WHAT YOU HAVE TO DO:
Could you please output all of the records exactly?

——————————

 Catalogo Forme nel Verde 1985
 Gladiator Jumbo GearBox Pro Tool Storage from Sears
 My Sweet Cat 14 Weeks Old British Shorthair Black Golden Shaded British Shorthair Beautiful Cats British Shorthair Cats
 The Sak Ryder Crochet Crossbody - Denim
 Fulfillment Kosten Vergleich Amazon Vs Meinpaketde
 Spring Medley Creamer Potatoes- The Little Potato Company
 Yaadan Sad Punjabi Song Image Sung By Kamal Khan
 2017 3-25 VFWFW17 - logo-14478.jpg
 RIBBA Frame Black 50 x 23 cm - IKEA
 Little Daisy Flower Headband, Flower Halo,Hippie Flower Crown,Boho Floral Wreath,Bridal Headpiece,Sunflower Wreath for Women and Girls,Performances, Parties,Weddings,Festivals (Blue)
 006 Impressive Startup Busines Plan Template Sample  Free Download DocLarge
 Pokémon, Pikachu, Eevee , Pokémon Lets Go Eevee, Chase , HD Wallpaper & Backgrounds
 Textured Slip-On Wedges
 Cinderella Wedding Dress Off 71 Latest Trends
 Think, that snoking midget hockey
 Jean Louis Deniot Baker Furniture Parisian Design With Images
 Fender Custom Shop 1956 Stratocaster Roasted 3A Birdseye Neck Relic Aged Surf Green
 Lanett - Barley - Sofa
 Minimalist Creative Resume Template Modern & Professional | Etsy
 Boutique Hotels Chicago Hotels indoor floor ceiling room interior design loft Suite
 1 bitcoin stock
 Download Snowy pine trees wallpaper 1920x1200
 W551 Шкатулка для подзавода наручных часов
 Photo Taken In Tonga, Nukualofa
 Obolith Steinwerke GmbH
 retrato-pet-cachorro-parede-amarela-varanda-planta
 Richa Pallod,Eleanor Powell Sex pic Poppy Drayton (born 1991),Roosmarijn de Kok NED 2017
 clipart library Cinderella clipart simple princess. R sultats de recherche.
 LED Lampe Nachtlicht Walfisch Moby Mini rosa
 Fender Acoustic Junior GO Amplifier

——————————

ANSWER BOX:
 Catalogo Forme nel Verde 1985
 Gladiator Jumbo GearBox Pro Tool Storage from Sears
 My Sweet Cat 14 Weeks Old British Shorthair Black Golden Shaded British Shorthair Beautiful Cats British Shorthair Cats
 The Sak Ryder Crochet Crossbody - Denim
 Fulfillment Kosten Vergleich Amazon Vs Meinpaketde
 Spring Medley Creamer Potatoes- The Little Potato Company
 Yaadan Sad Punjabi Song Image Sung By Kamal Khan
 2017 3-25 VFWFW17 - logo-14478.jpg
 RIBBA Frame Black 50 x 23 cm - IKEA
 Little Daisy Flower Headband, Flower Halo,Hippie Flower Crown,Boho Floral Wreath,Bridal Headpiece,Sunflower Wreath for Women and Girls,Performances, Parties,Weddings,Festivals (Blue)
 006 Impressive Startup Busines Plan Template Sample  Free Download DocLarge
 Pokémon, Pikachu, Eevee , Pokémon Lets Go Eevee, Chase , HD Wallpaper & Backgrounds
 Textured Slip-On Wedges
 Cinderella Wedding Dress Off 71 Latest Trends
 Think, that snoking midget hockey
 Jean Louis Deniot Baker Furniture Parisian Design With Images
 Fender Custom Shop 1956 Stratocaster Roasted 3A Birdseye Neck Relic Aged Surf Green
 Lanett - Barley - Sofa
 Minimalist Creative Resume Template Modern & Professional | Etsy
 Boutique Hotels Chicago Hotels indoor floor ceiling room interior design loft Suite
 1 bitcoin stock
 Download Snowy pine trees wallpaper 1920x1200
 W551 Шкатулка для подзавода наручных часов
 Photo Taken In Tonga, Nukualofa
 Obolith Steinwerke GmbH
 retrato-pet-cachorro-parede-amarela-varanda-planta
 Richa Pallod,Eleanor Powell Sex pic Poppy Drayton (born 1991),Roosmarijn de Kok NED 2017
 clipart library Cinderella clipart simple princess. R sultats de recherche.
 LED Lampe Nachtlicht Walfisch Moby Mini rosa
 Fender Acoustic Junior GO Amplifier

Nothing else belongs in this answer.